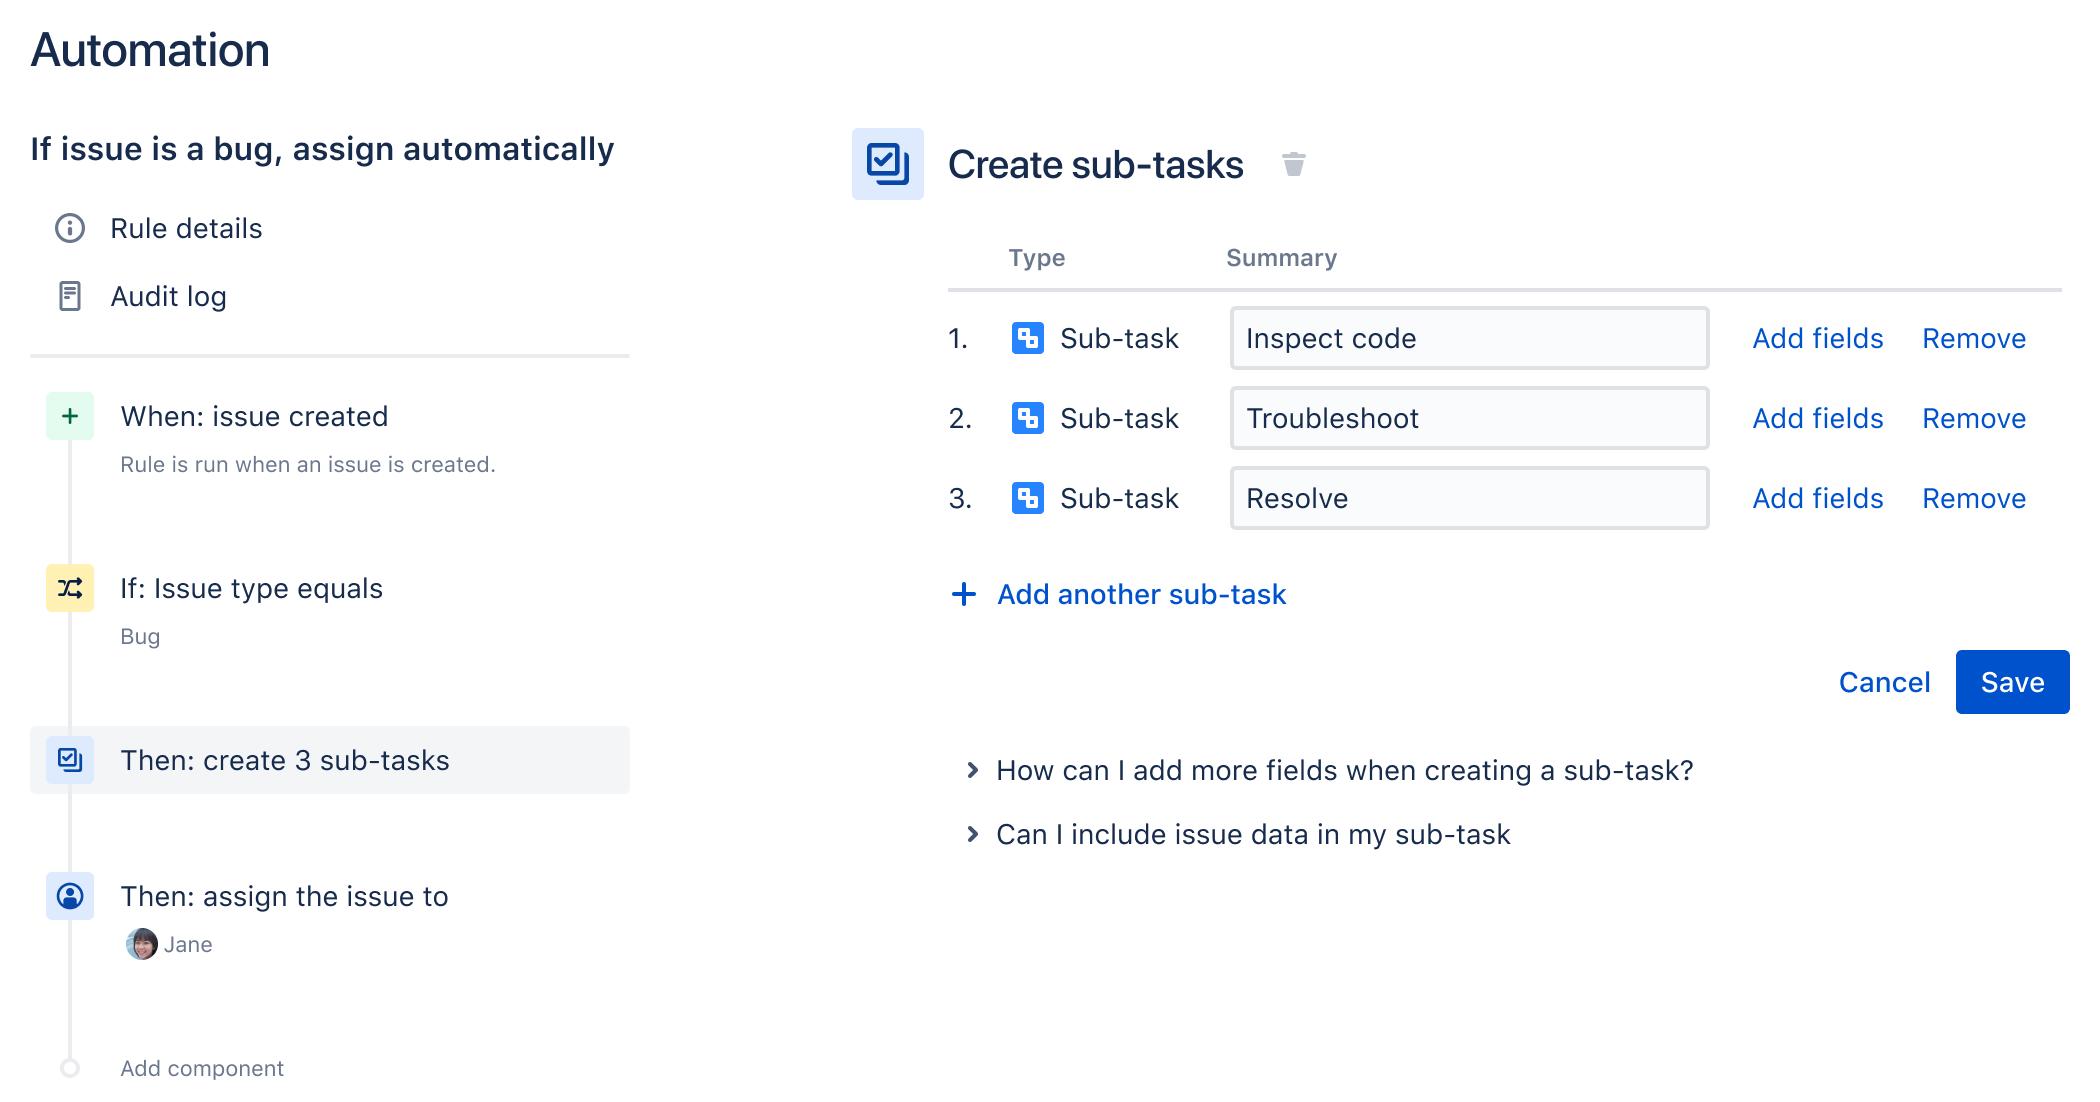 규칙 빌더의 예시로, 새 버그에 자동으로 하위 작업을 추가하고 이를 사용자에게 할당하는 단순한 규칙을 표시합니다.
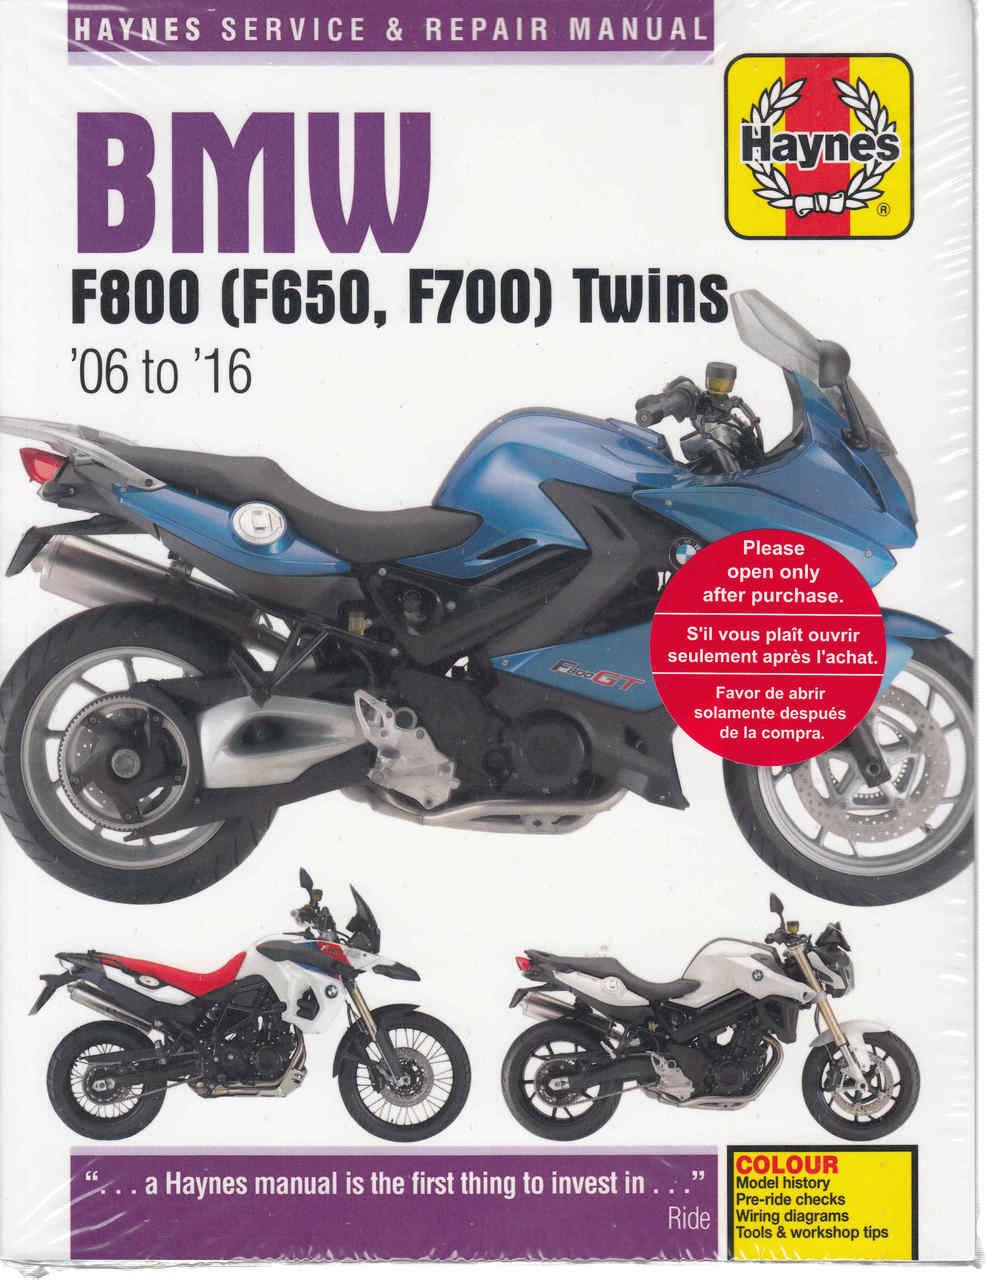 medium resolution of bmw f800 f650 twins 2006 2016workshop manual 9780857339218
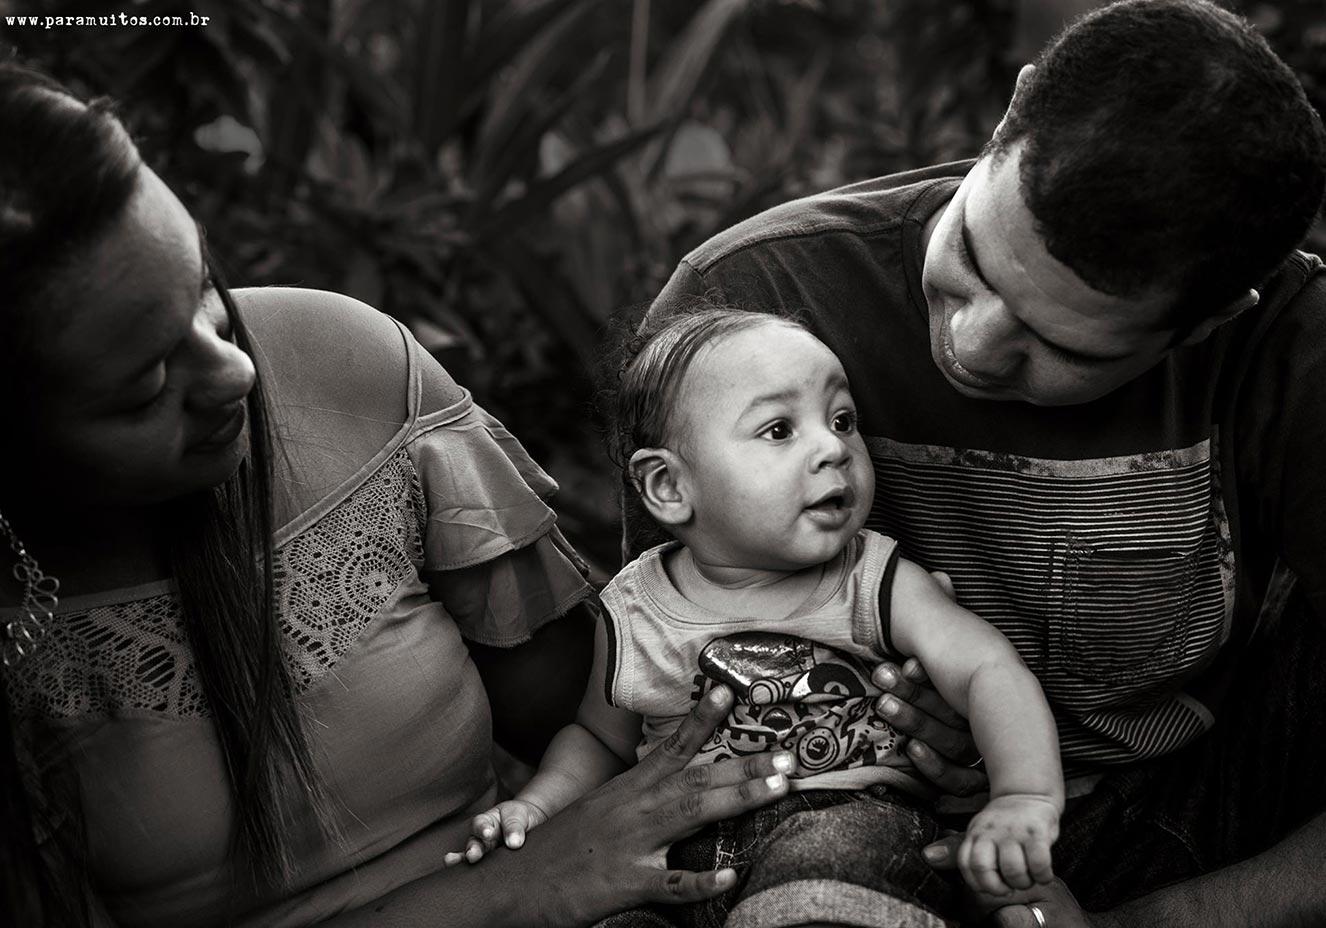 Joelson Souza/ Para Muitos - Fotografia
·····
◆ TASK GOAL: Set down the material above exactly. Skip any picture.

◆ WRITTEN SOLUTION:
 규칙 빌더의 예시로, 새 버그에 자동으로 하위 작업을 추가하고 이를 사용자에게 할당하는 단순한 규칙을 표시합니다.
 medium resolution of bmw f800 f650 twins 2006 2016workshop manual 9780857339218
 Joelson Souza/ Para Muitos - Fotografia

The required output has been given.